Mi adatto. Un adattamento che aveva uno scopo quello di vincere nelle Ardenne, perché era lì che andavano i suoi sogni.

Si è adattato pure alla Gent-Wevelgem. Cambi regolari, ma fino alla lanterna rossa. Lì è rimasto dietro, a chiudere il gruppo, perché c’è niente di meglio che partire dall’ultima posizione in una volata tra pochi.

Ting. Il deragliatore che si aziona e lui che si alza sui pedali ancora. Questa volta non per inseguire ma per anticipare. Perché così si fa quando l’arrivo è a un passo. E soprattutto quando si è fianco a fianco con gente come Christophe Laporte e Jasper Stuyven.
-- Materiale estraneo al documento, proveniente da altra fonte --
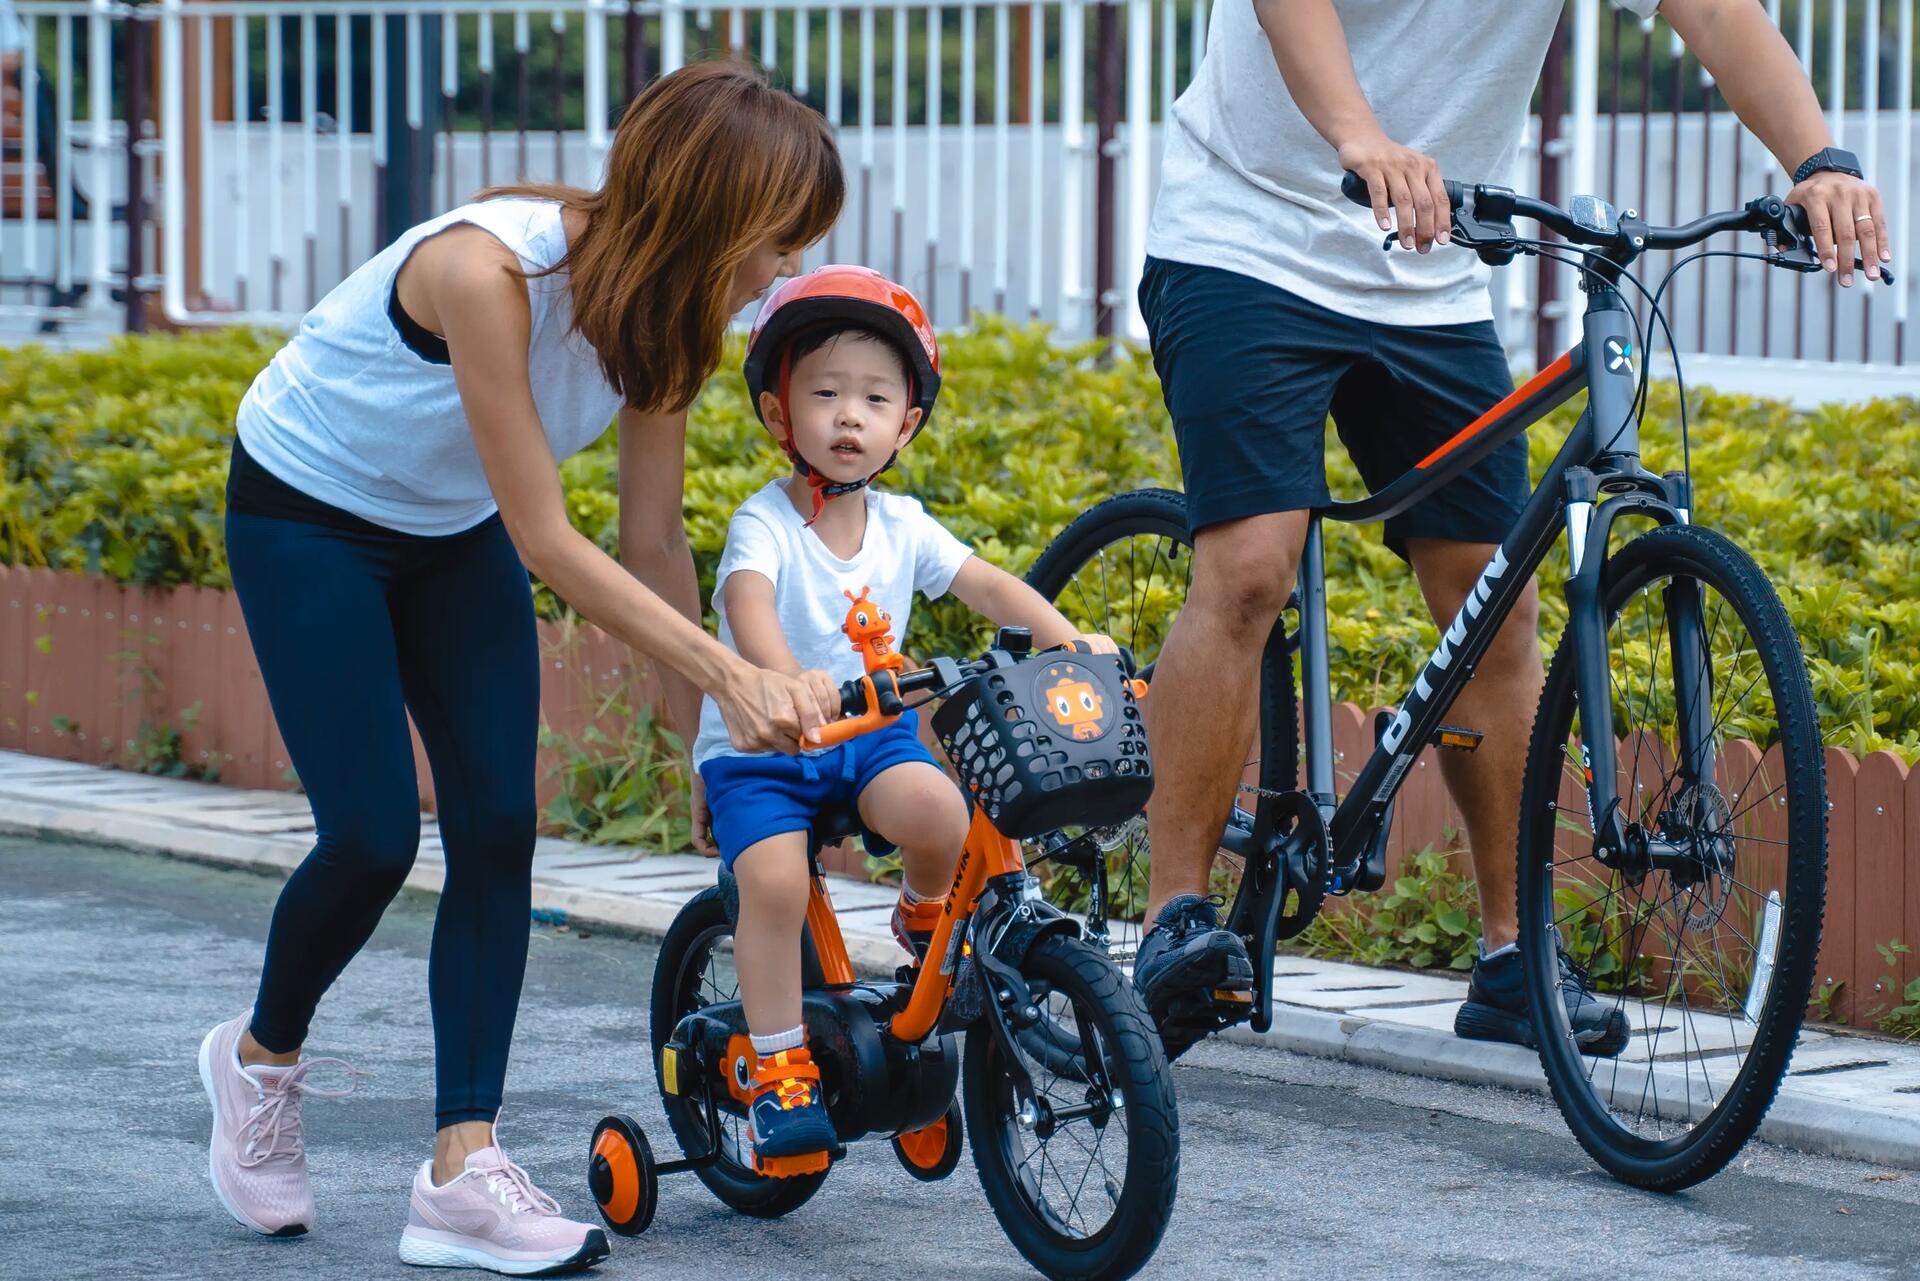 How to Teach Your Child to Ride A Bike?

Perché così si fa e basta.

Biniam Girmay è un nome dolce e un cognome graffiante. Un nome e un cognome che sono un nuovo inizio e forse un nuovo universo. Quello del mondo unito del ciclismo.

C’era mai riuscito nessuno a partire dall’Africa e conquistare una classica. C’è riuscito Biniam Girmay.

E forse non poteva trovare luogo migliore. Perché a qualche decina di chilometri di distanza, oltre un secolo prima, il 19 aprile del 1896 a Roubaix, Hippolyte Figaro chiudeva diciassettesimo la prima edizione della Parigi-Roubaix, primo atleta nero della storia di questo sport a completare una classica monumento.

Soprattutto perché c’è nulla di più esclusivo e allo stesso tempo più inclusivo di quella terra di pietre da cavalcare in bicicletta. Ché il pavé è aperto a tutti, basta pedalarlo, diventare tutt’uno con esso. Vale per i corridori, vale soprattutto per le corse. I muri se li scambiano, sono territorio comune di tanti. Perché lassù al nord la bicicletta è una festa popolare e la festa è condivisione. E soprattutto è sempre meglio moltiplicarla che dividerla.

Biniam Girmay è moltiplicazione anch’esso. Di spazi e di confini. Di realtà e di passione. E alla Gent-Wevelgem anche di velocità e di sorpresa.

Perché prima o poi doveva succedere che uno come Biniam Girmay salisse sul gradino più alto del podio. E vedendo le prime gare di quest’anno tra i muri delle Fiandre era perfettamente possibile che potesse accadere anche queste latitudini. Quel giorno è arrivato domenica 27 marzo 2022.